All the computer clocks are inaccurate and synchronize sometimes, often more
than one second, and nobody worries about that or maintains any tables when
his computer adjusted (try yourself, you'd soon see why you shouldn't care
about the leap second). Likewise nobody would worry about the leap second were
there not too much confusion among the programmers, enough to have the NTP
implementation as it was and the people who used djb's or the code from Olsen
tz to "account" for the leap second all the time for the calculations that
didn't need that.

For some examples of confusion see:

[http://stackoverflow.com/questions/7552104/is-a-day-
always-8...](http://stackoverflow.com/questions/7552104/is-a-day-
always-86-400-epoch-seconds-long)

The least voted comment is right: "in POSIX, a day is exactly 86400 seconds by
definition" (when we ignore the daylight saving time changes of the wall
clocks and computers of _the whole hour_ , of course).

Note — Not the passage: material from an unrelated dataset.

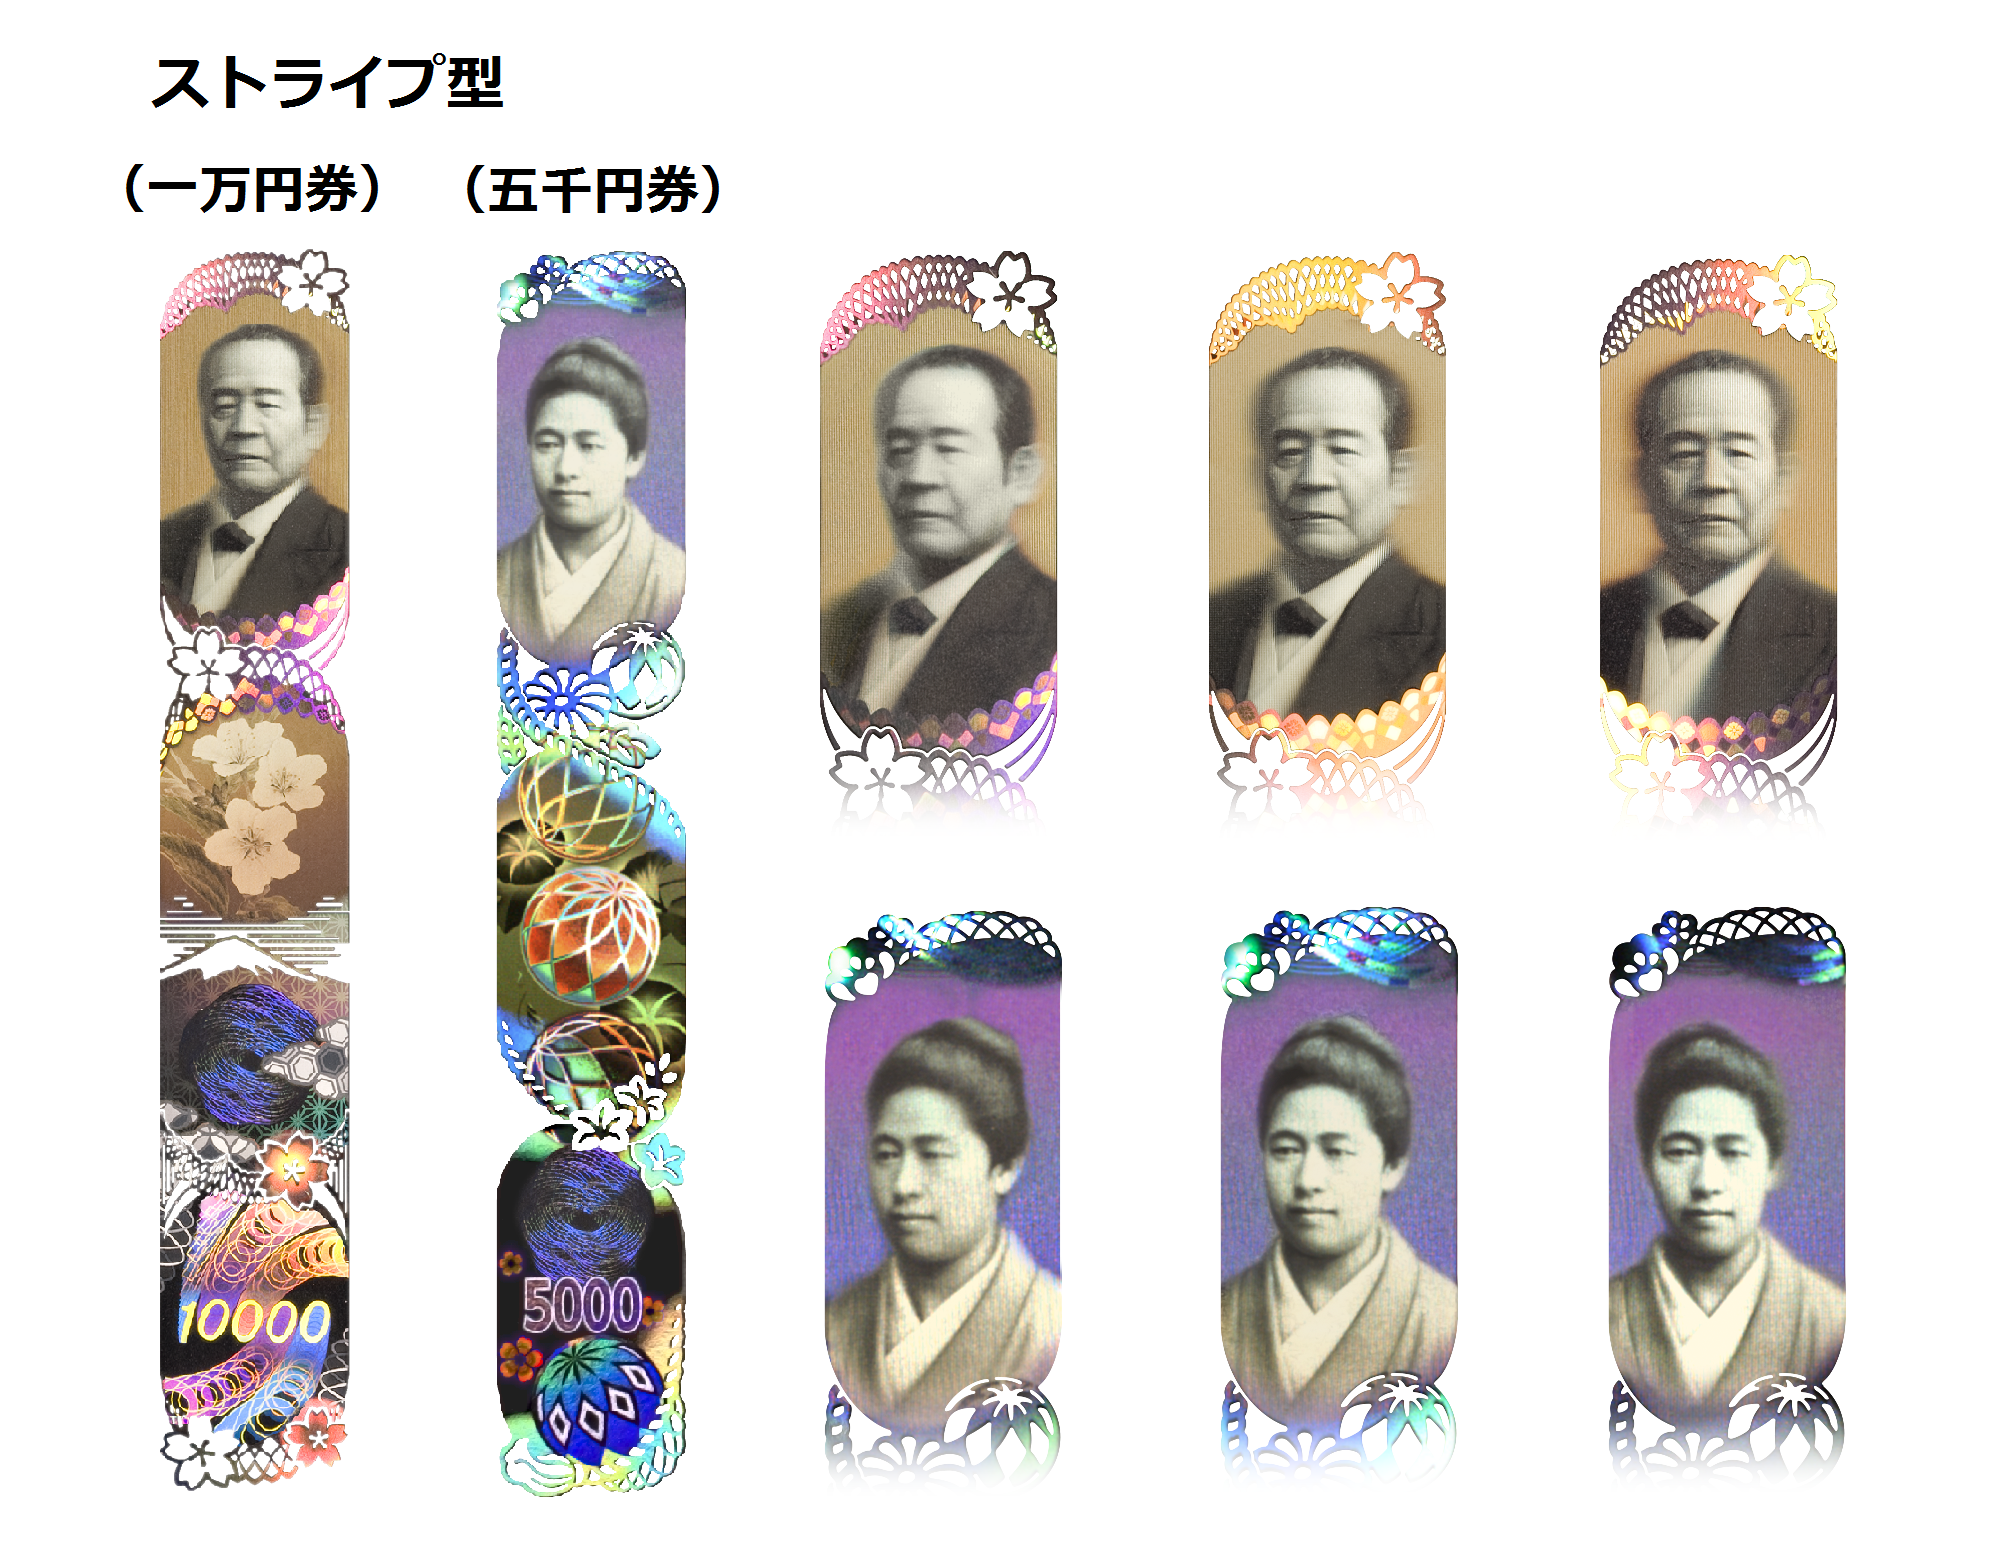 一万円券と五千円券のストライプ型ホログラムの全体画像と、ホログラムを左右に傾けて上段にある肖像を回転させた画像。

Linus agrees it's a good decision:

[http://www.wired.com/2015/01/torvalds_leapsecond/](http://www.wired.com/2015/01/torvalds_leapsecond/)

"the POSIX approach puts the pain where it belongs, and hides it from the vast
majority of cases that really don’t care. I think it was the right decision."

"The people and computers who really care about “atomic” time tend to be
astronomers. For the rest of us – both people and computers – we’re probably
better off taking the POSIX approach to it, and just say “who cares”, with a
few unlucky people worrying about bugs happening because of the perversities
of timekeeping."